*INFORMATION PROVIDED*:
== Segment start ==
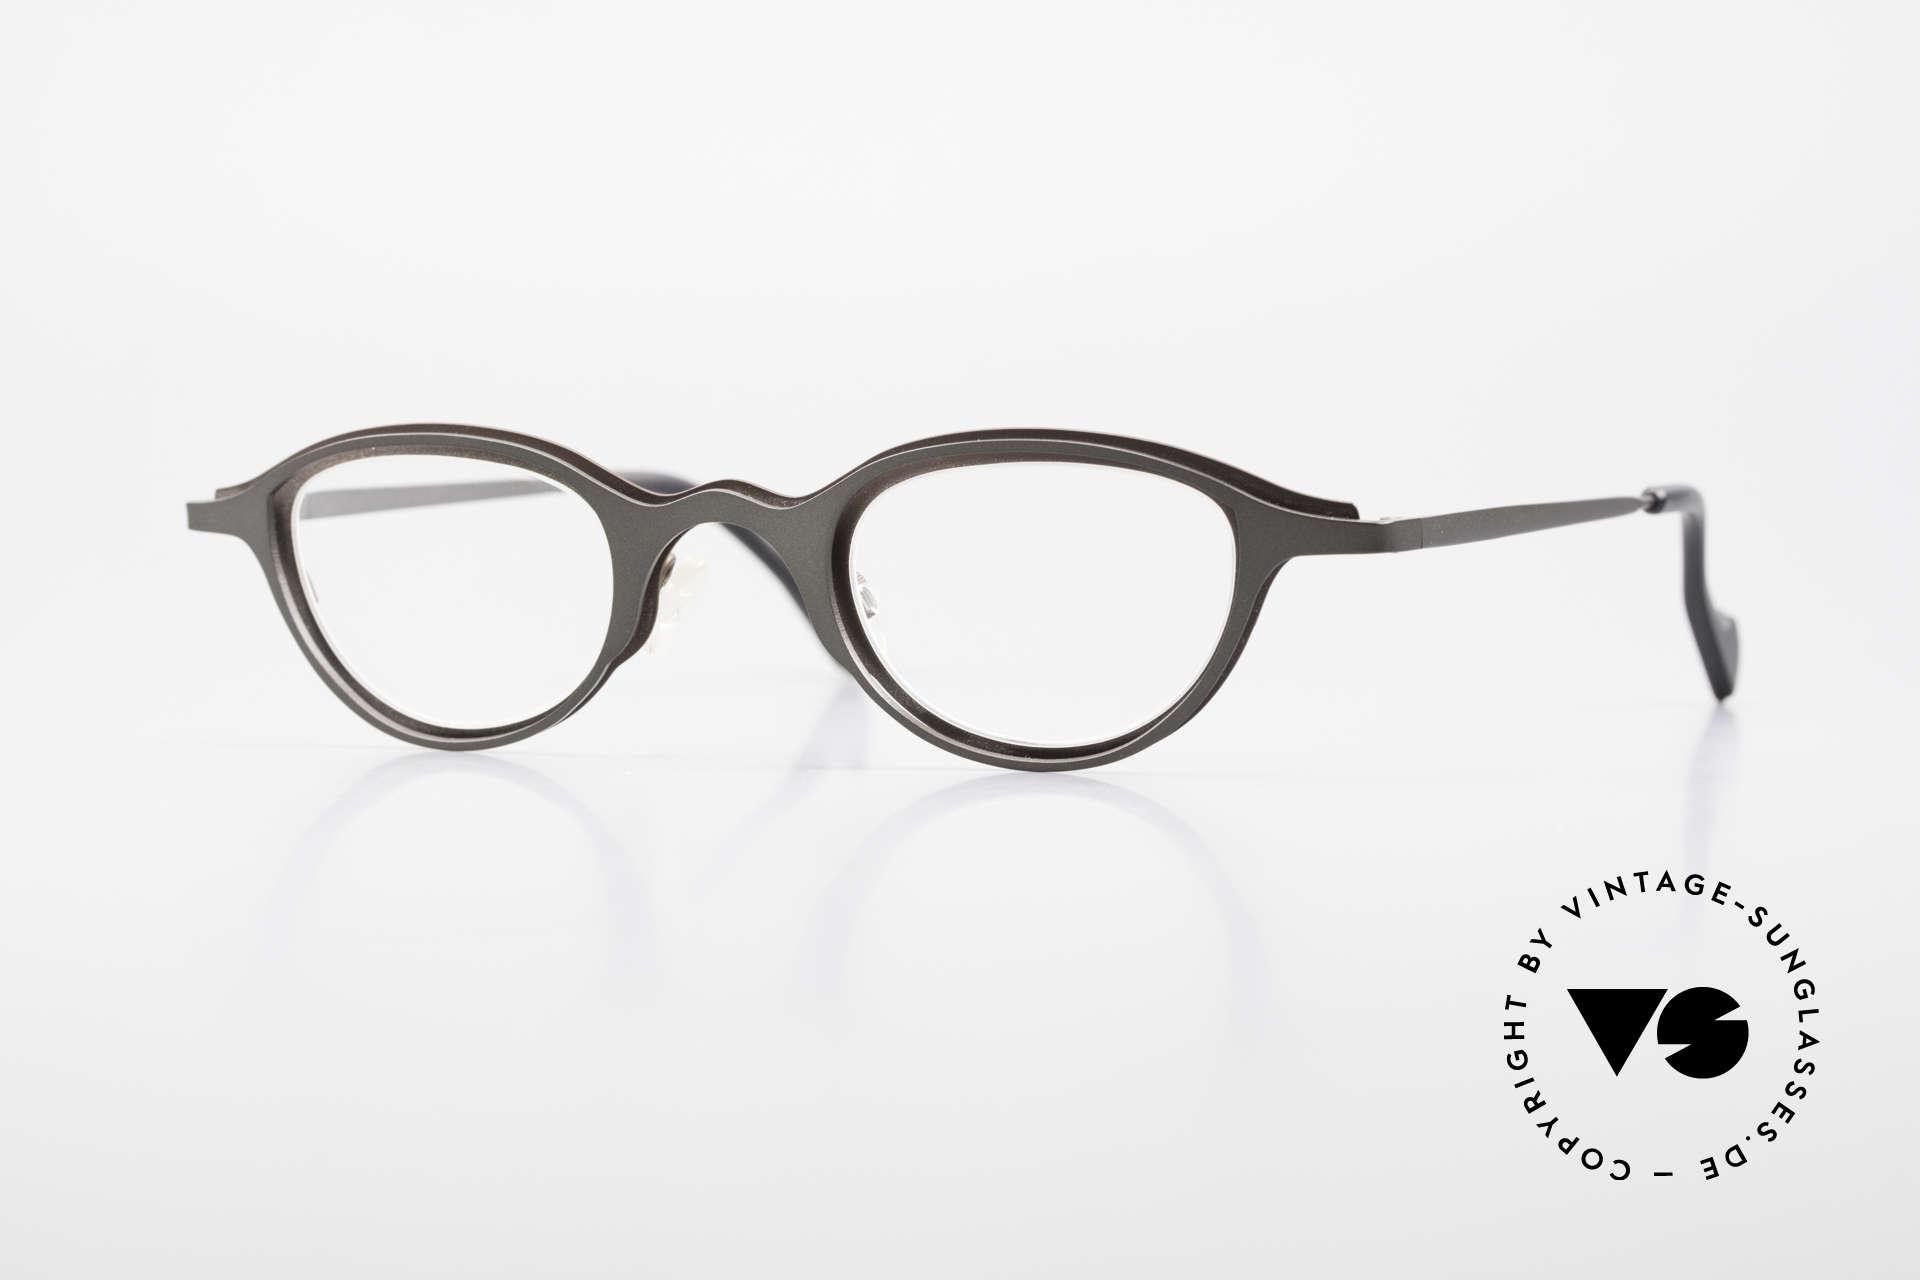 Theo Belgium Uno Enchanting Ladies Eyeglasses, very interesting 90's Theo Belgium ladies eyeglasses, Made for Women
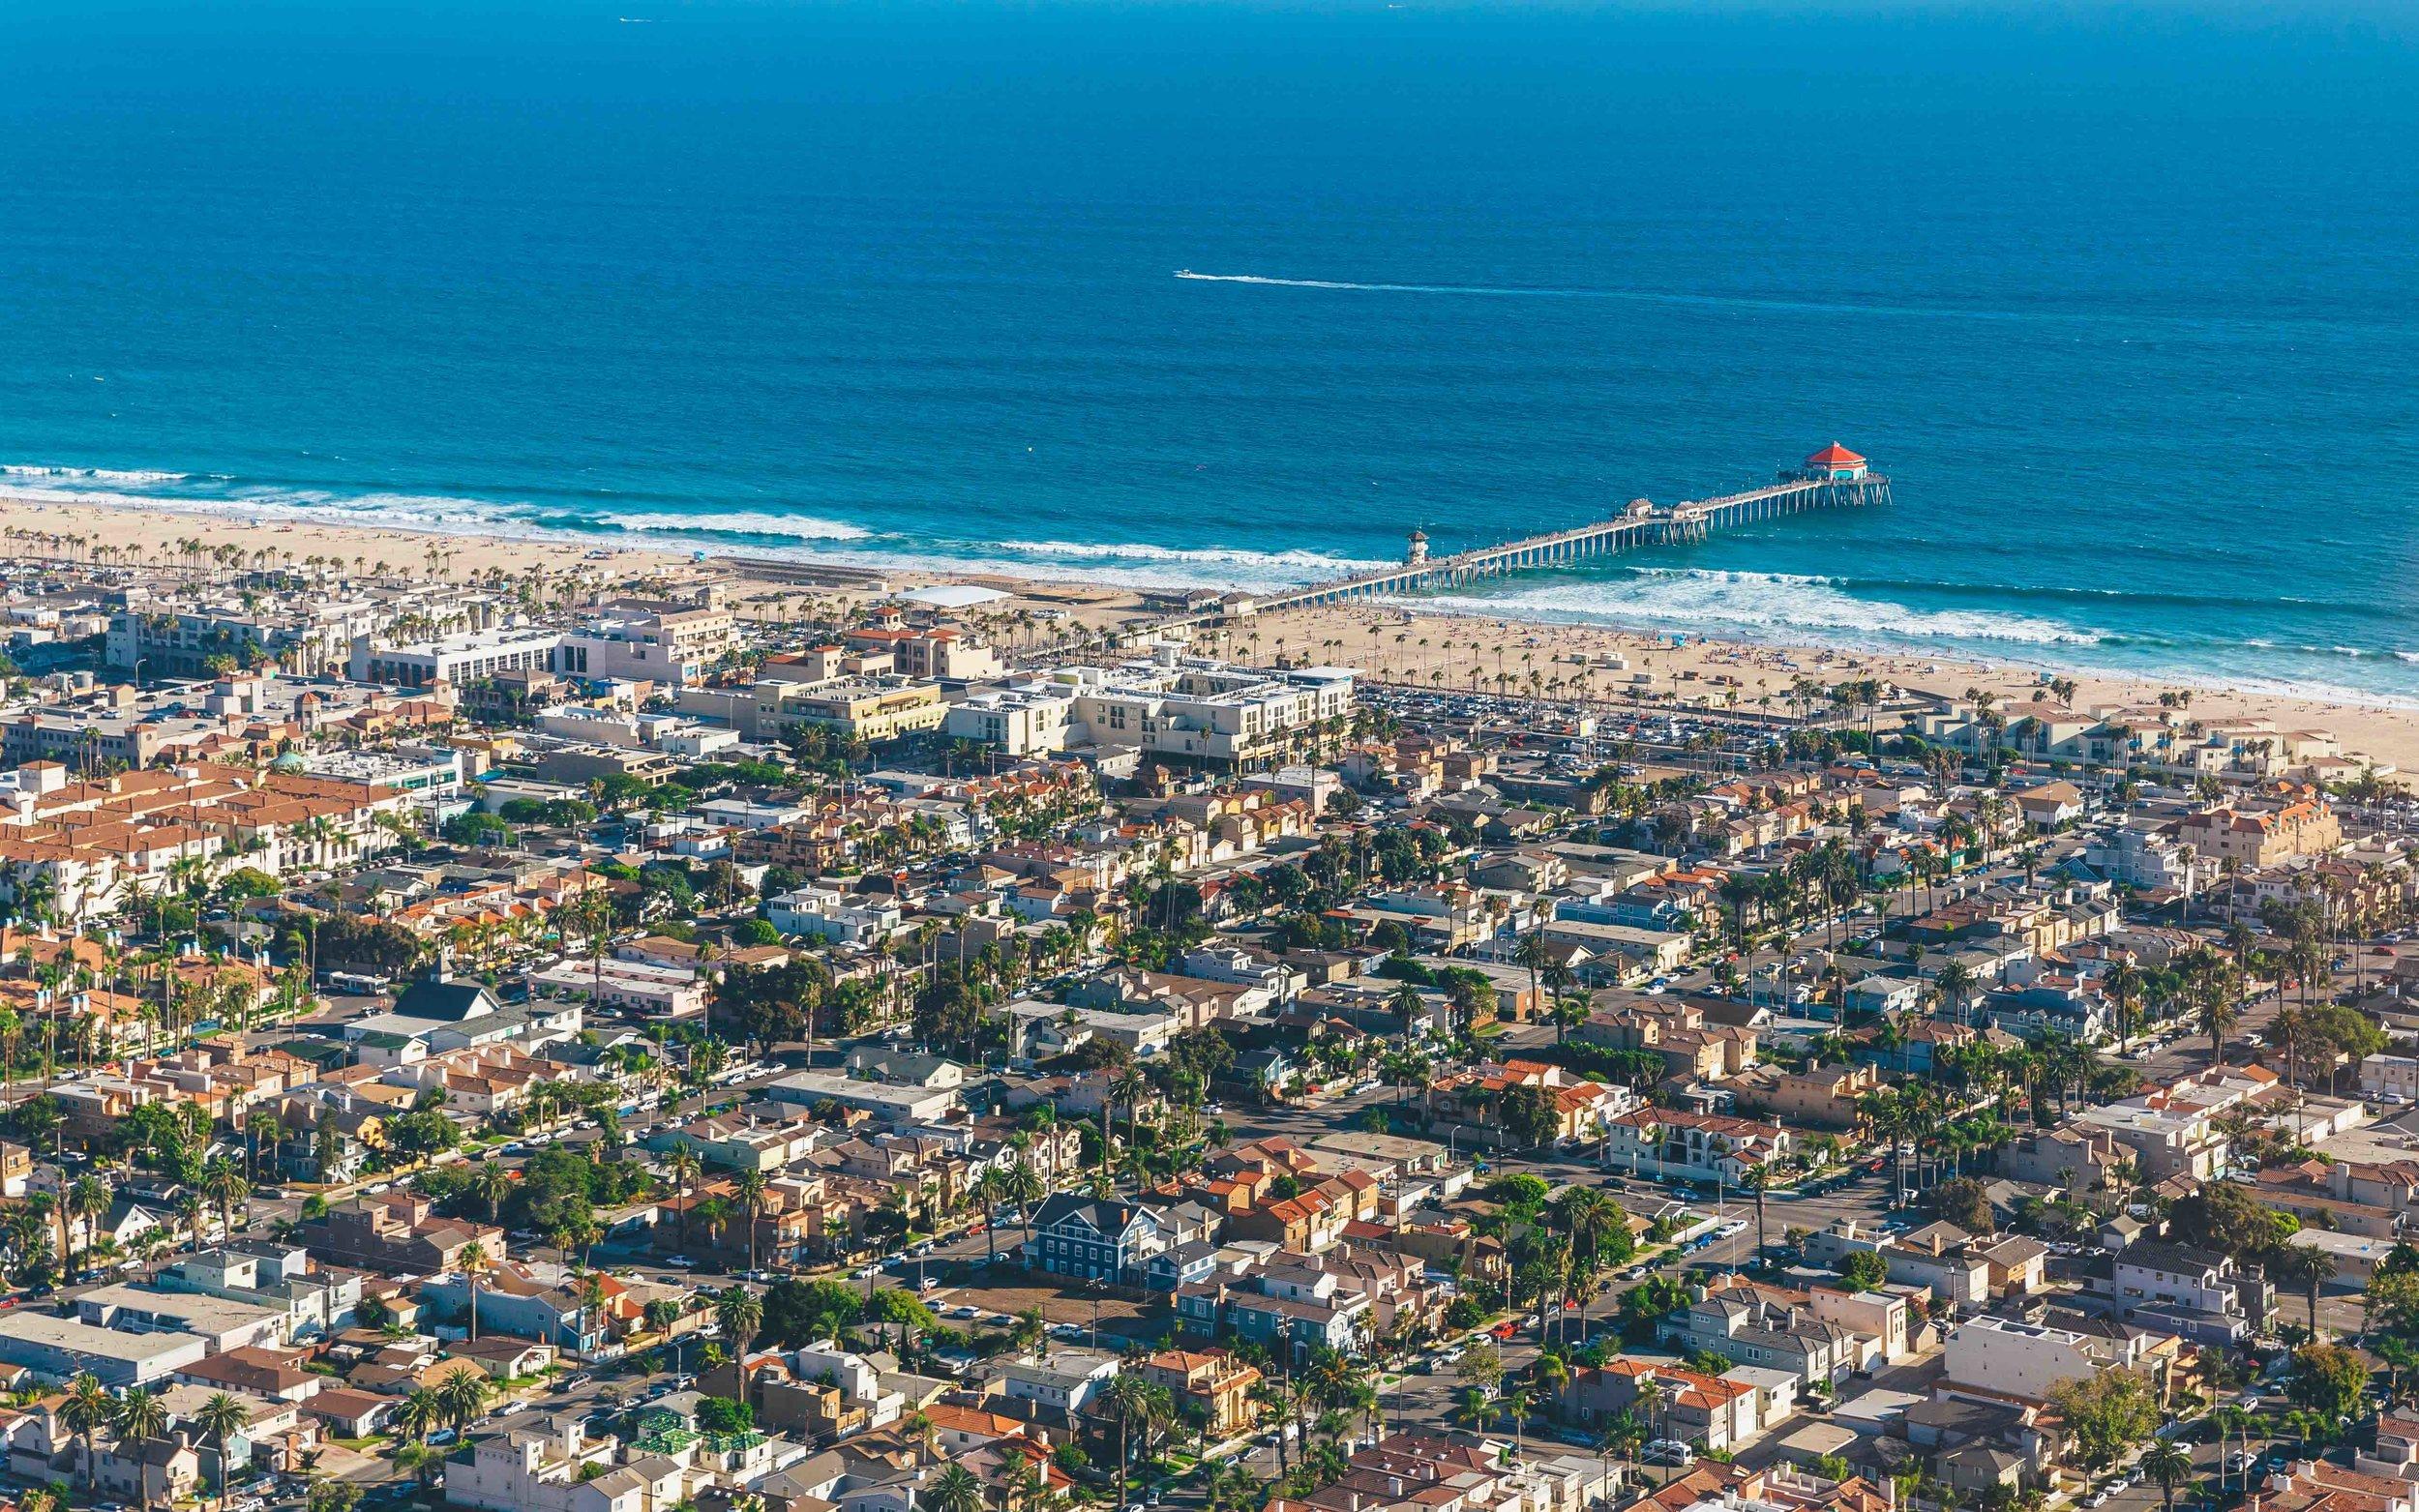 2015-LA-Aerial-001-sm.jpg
== Segment end ==
== Segment start ==
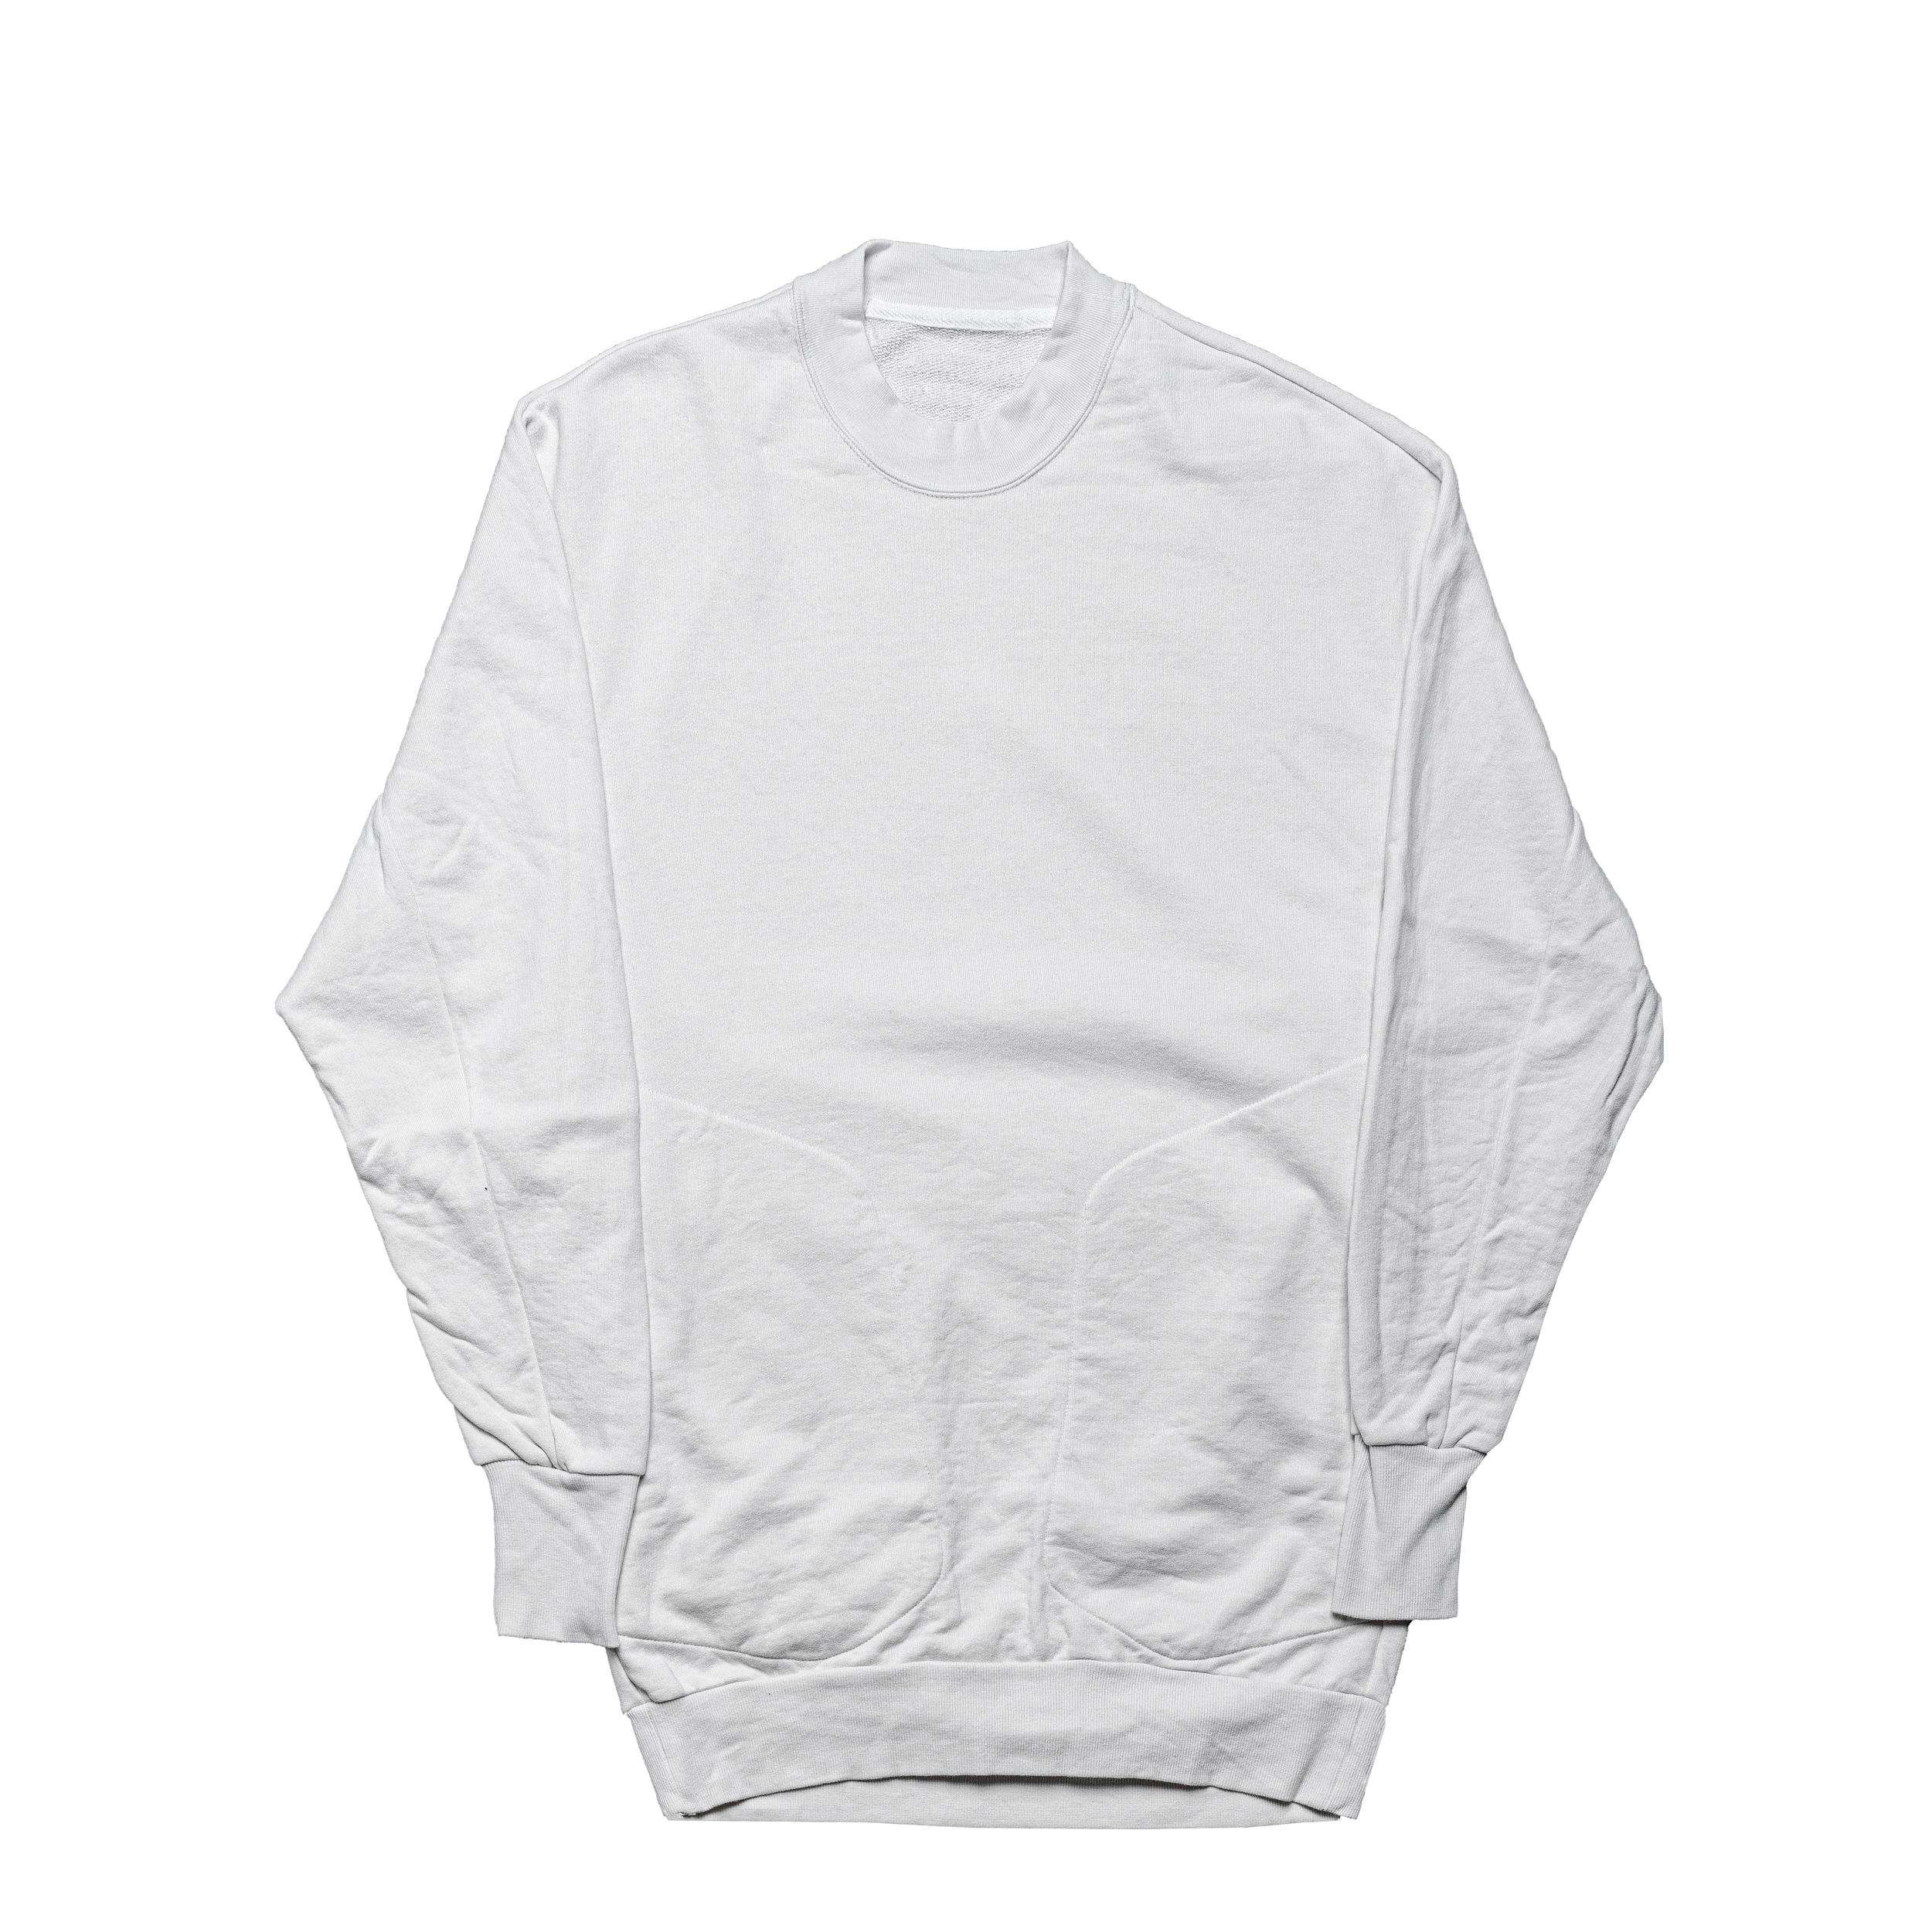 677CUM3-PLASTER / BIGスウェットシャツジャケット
== Segment end ==
*WORK INSTRUCTION*:
Now transcribe the lines above exactly, starting at the line containing "Theo Belgium Uno" and ending at the line containing "2015-LA-Aerial-001-sm.jpg", both lines included, pictures excluded.

*TASK ANSWER*:
 Theo Belgium Uno Enchanting Ladies Eyeglasses, very interesting 90's Theo Belgium ladies eyeglasses, Made for Women
 2015-LA-Aerial-001-sm.jpg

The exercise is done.